Pastor vows to knock down planned Satanic display on Boca Raton park
A pastor has vowed to tear down a Satanic display that a teacher wants to put up in a city park in Boca Raton, Florida during the upcoming holiday season.
According to CBS 12, local school teacher Preston Smith has submitted an application to set up a giant metal pentagram honoring Satan at Boca Raton's Sanborn Square, on Federal Highway.
The display, weighing 300 pounds, includes the captions: "In Satan We Trust," "One Nation under Antichrist" and "May the Children Hail Satan."
Pastor Mark Boykin, Senior Pastor at Church of All Nations in Boca Raton, said that he was astounded that the city would allow the teacher to put up a 6-foot-tall pentagram, painted blood red, with a wooden image of the holy symbol of Satan in the middle of it.
"In essence they're putting out a welcome mat for Satan," said the pastor, who vowed to tear down the symbol with a sledgehammer.
"It's evil, it's the essence of evil.
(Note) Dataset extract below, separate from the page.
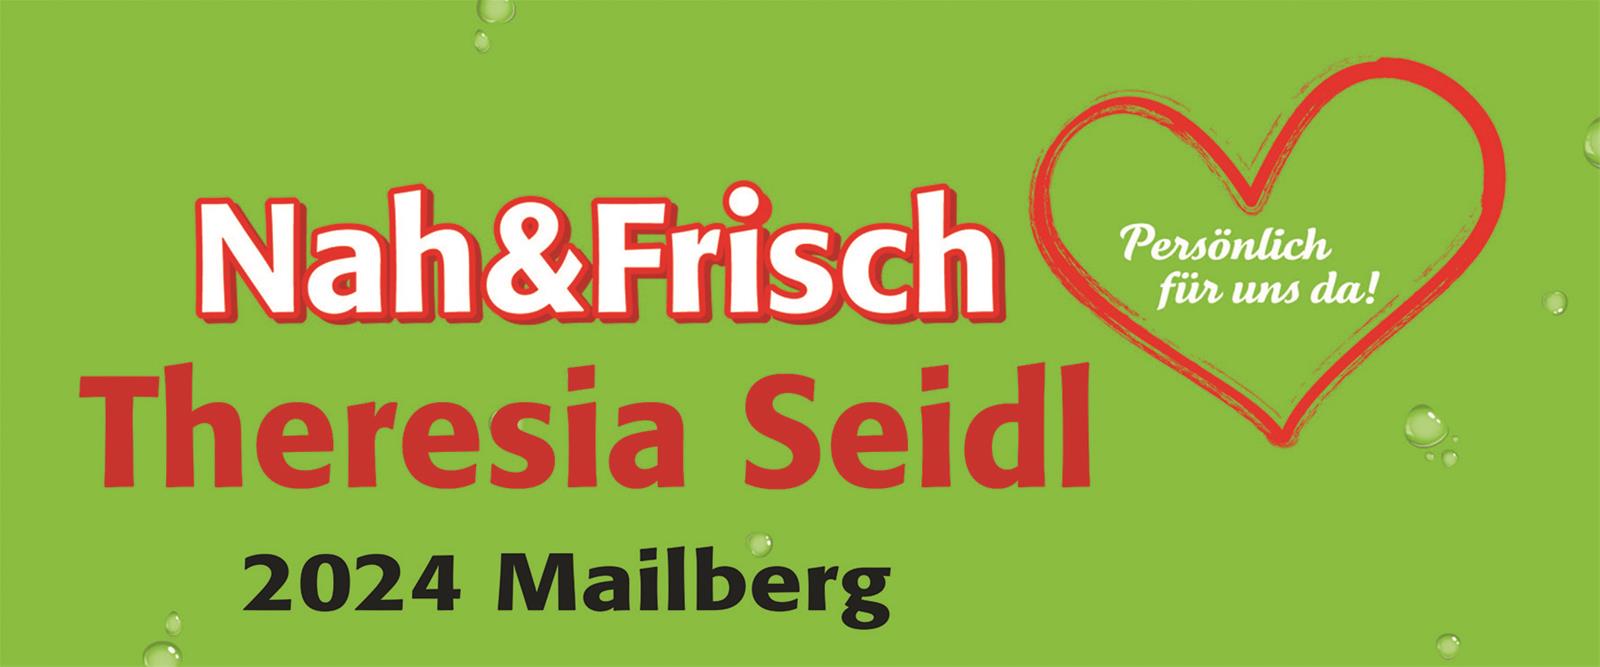 Nah & Frisch 
Theresia Seidl

I will take the responsibility for taking the sledgehammer and knocking it down," he added.
Smith, who identifies as an Atheistic Satanist, also expressed plans to put up a "Freedom from Religion Nativity Scene," that stresses that religious freedom cannot exist without the freedom to dissent.
Last December, Smith also put up a metal pentagram in the same park, where traditional nativity scenes and other religious holiday displays are often found during the holiday season.
The pentagram was vandalized repeatedly last year and even ran over by a truck, but Smith continued to rebuild it.
Local leaders considered abolishing the free-expression zone at the park after Smith put up the pentagram, but the proposal was rejected in August at the urging of more than a dozen residents.
The ban would have revoked a 1990 city law that allowed residents to put up "unattended, expressive installations, displays, exhibits and similar objects" in the park during the winter holiday season.
Smith's pentagram and the Freedom from Religion Nativity scene will be on display at the park from Dec. 1, 2017 through Jan. 6, 2018.
"We can't say no to this, as offensive as it is. Our lawyers said whatever you do, don't do that. Because it will be an expensive lawsuit," said Jeremy Rodgers, Boca Raton Deputy Mayor.
Boca Raton Mayor Susan Haynie said that she finds the display "extremely offensive," but she noted that the city council has decided to uphold the freedom of speech.
"This is not consistent with my particular values, but free speech means people have an opportunity to express themselves, whether government likes it or not or whether individuals like it or not," said Scott Singer, a Boca Raton city council member.